UGM mampu membuat alat yang dapat mendeteksi gempa, atau Early Warning System (EWS) Gempa. Seperti saat gempa di Toli-toli, alat buatan UGM ini mampu mendeteksi 3 hari sebelum gempa.

oleh Yanuar H diperbarui 03 Jun 2021, 17:00 WIB
Ilustrasi Gempa Bumi (Liputan6.com/Sangaji)

Liputan6.com, Yogyakarta - Alat deteksi gempa yang dikembangkan oleh UGM berhasil mendeteksi gempa di Toli-toli, Sulawesi Tengah. Ketua Tim Peneliti Sistem Peringatan Dini (EWS) Gempa UGM Prof Ir Sunarno mengatakan alat deteksi gempa ini berhasil mendeteksi gempa di Toli-Toli tiga hari sebelum kejadian.
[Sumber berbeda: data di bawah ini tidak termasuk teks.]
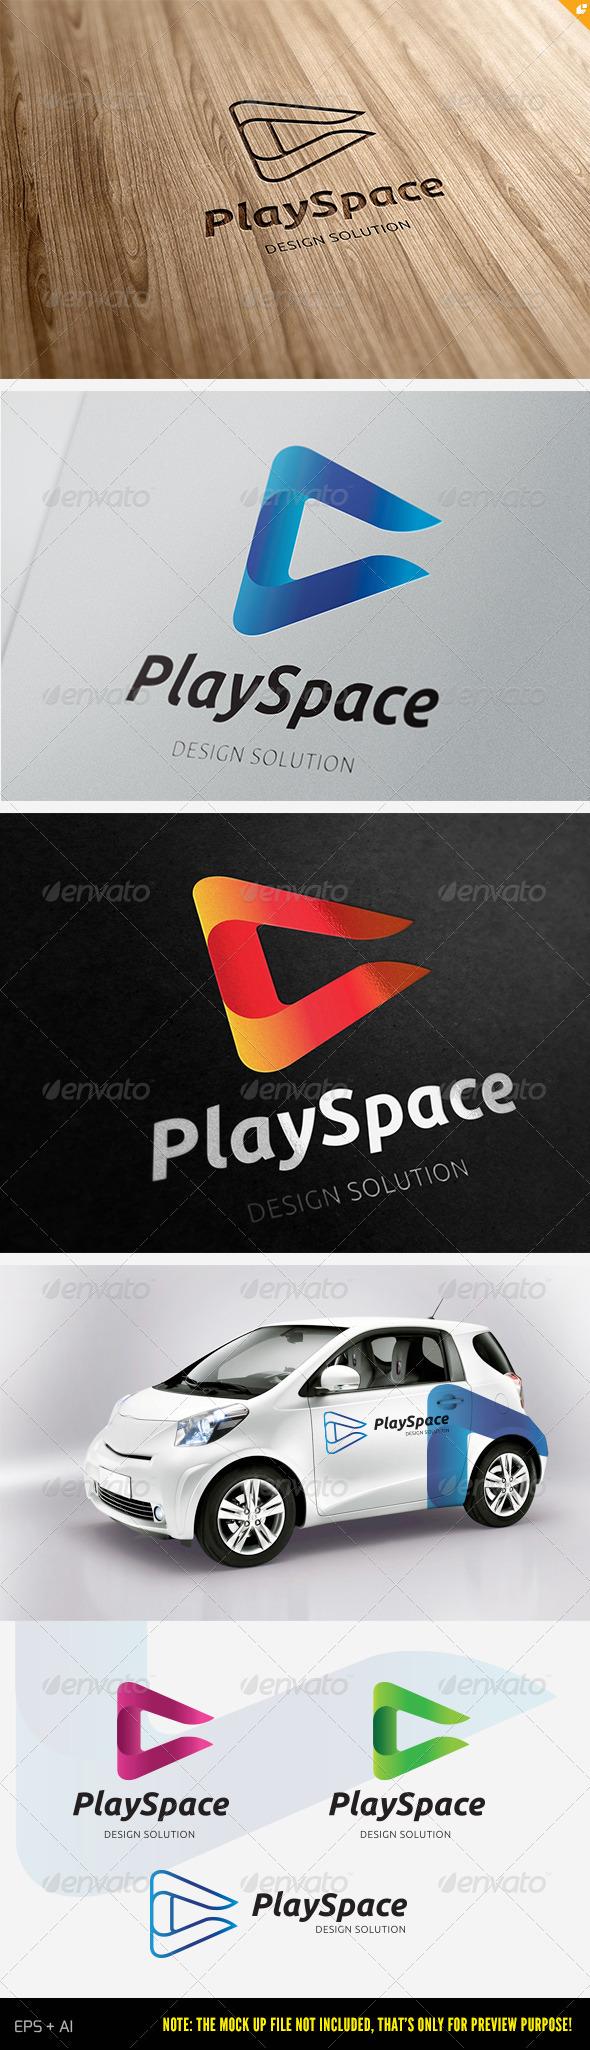 Play Space Logo - Vector Abstract

Seperti diketahui berdasarkan informasi dari BMKG, pada hari Sabtu (29/5/2021) lalu pukul 08.25.14 WIB gempa tektonik dengan magnitudo 5,3 terjadi di 87 KM arah Barat Kota Toli-toli, Sulawesi Tengah pada kedalaman 27 km. Sunarno mengatakan walau sudah berhasil memprediksi gempa, tetapi alat ini akan terus dikembangkan. Bahkan, di DIY sendiri, alat ini sudah mampu memprediksi 3-7 hari sebelum kejadian gempa.
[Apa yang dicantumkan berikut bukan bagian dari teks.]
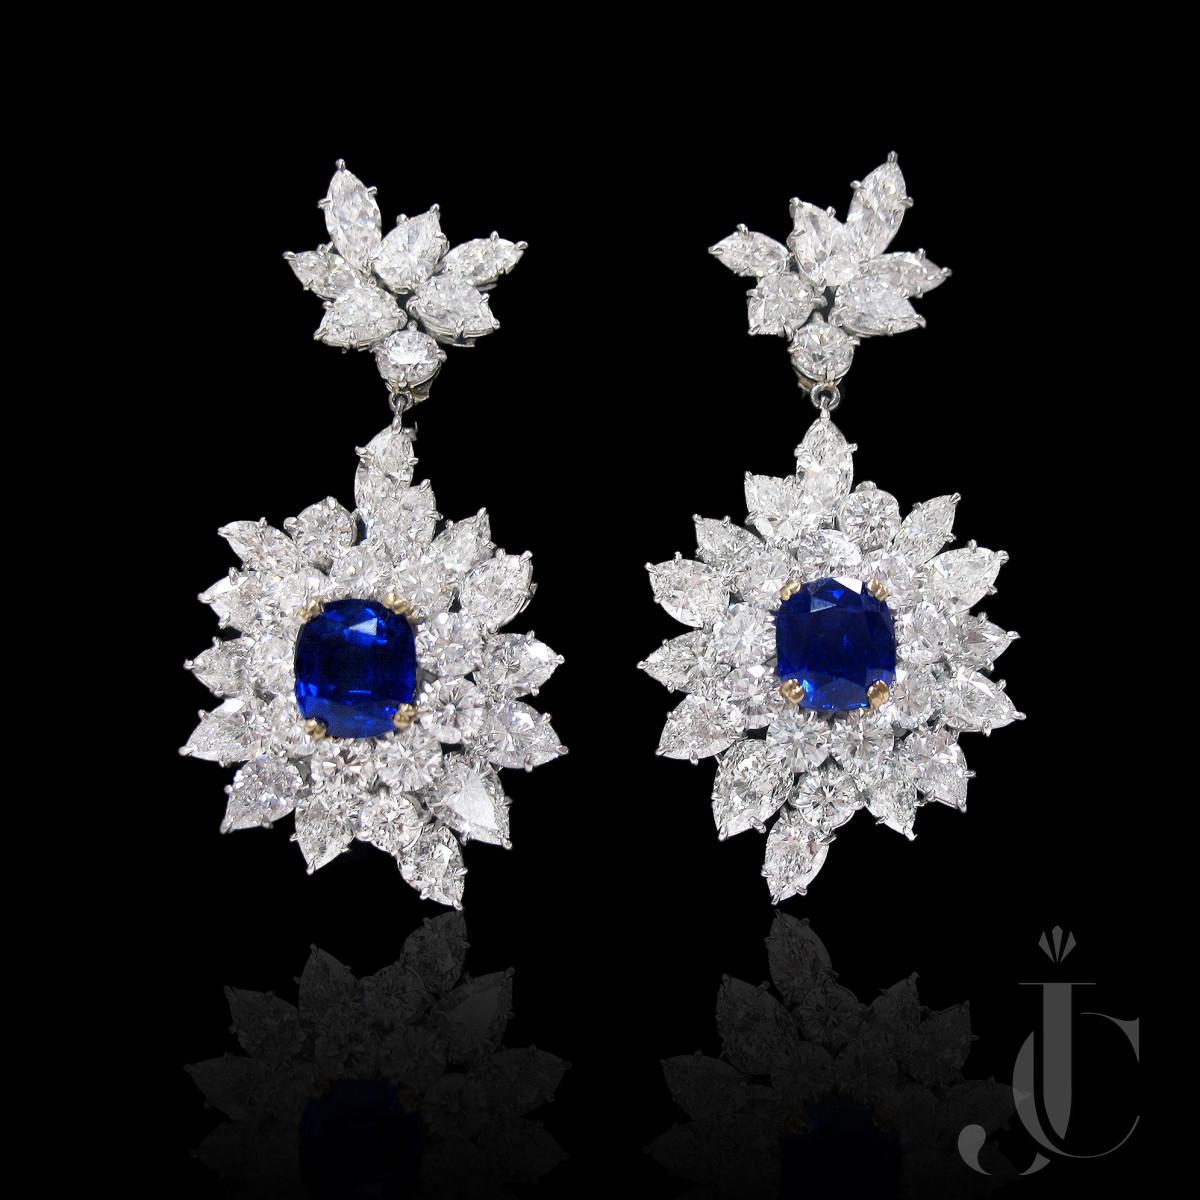 Harry Winston Platinum Sapphire and Diamond Earrings, circa 1965

"Pengalaman selama ini kami baru dapat memprediksi 3 hari sebelum gempa dengan lokasi antara Aceh hingga NTT. Algoritma awal kami hanya mendeteksi dini 3-7 hari sebelum gempa khusus untuk DIY. Mengingat stasiun pemantau kami hanya ada di DIY," Sunarno mengatakan, Rabu (2/6/2021).

Walaupun tengah dikembangkan, menurut Sunarno, alat ini merupakan teknologi triangulasi agar dapat memprediksi posisi pusat gempa yang lebih presisi. Selama dalam proses riset dan pengembangan, alat ini mampu selalu tepat memprediksi kejadian gempa.
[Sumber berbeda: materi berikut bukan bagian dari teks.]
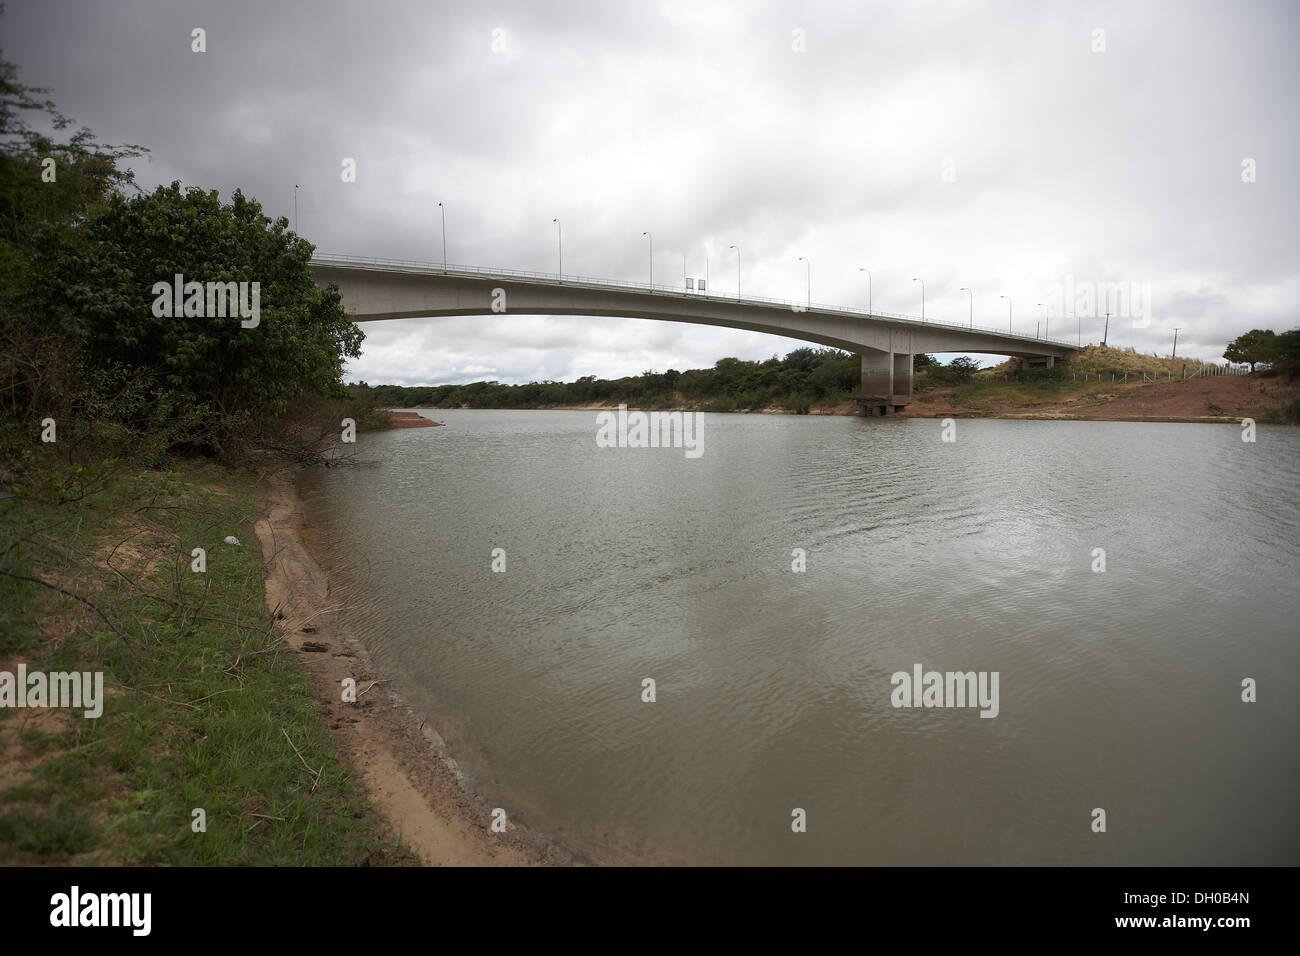 The new border bridge in Letham, Guyana, South America - Stock Image

"Selalu cocok, sudah dipakai tesis mahasiswa saya. Bahkan, lewat internet kita bisa bantu memberi peringatan 3 hari sebelum kejadian gempa di antara Aceh hingga NTT," dia mengatakan.

Alat EWS yang tengah dikembangkan ini tersusun dari sejumlah komponen seperti detektor perubahan level air tanah dan gas radon, pengondisi sinyal, pengontrol, penyimpan data, dan sumber daya listrik. Alat ini juga memanfaatkan teknologi Internet of Thing (IoT) di dalamnya. Sunarno menjelaskan cara kerja alat yang dikembangkannya bersama tim ini berdasarkan perbedaan konsentrasi gas radon dan level air tanah yang merupakan anomali alam sebelum terjadinya gempa bumi.

"Apabila akan terjadi gempa di lempengan, akan muncul fenomena paparan gas radon alam dari tanah meningkat secara signifikan. Demikian juga permukaan air tanah naik turun secara signifikan," paparnya.

Penelitian yang sudah dilakukan sejak 2018 ini memang dikhususkan mengamati konsentrasi gas radon dan level air tanah sebelum terjadinya gempa bumi. Pengamatan yang telah dilakukan kemudian dikembangkan sehingga dirumuskan dalam suatu algoritma prediksi sistem peringatan dini gempa bumi. 

Bahkan, sistem ini terbukti telah mampu memprediksi gempa bumi yang terjadi di Barat Bengkulu Magnitudo 5,2 pada 28 Agustus 2020, Barat Daya Sumur-Banten Magnitudo 5,3 pada 26 Agustus 2020, Barat Daya Bengkulu Magnitudo 5,1 pada 29 Agustus 2020, Barat Daya Sinabang Aceh Magnitudo 5,0 pada 1 September 2020, Barat Daya Pacitan Magnitudo 5,1 pada 10 September 2020, dan gempa Tenggara Nagan Raya-Aceh Magnitudo 5,4 pada 14 September 2020.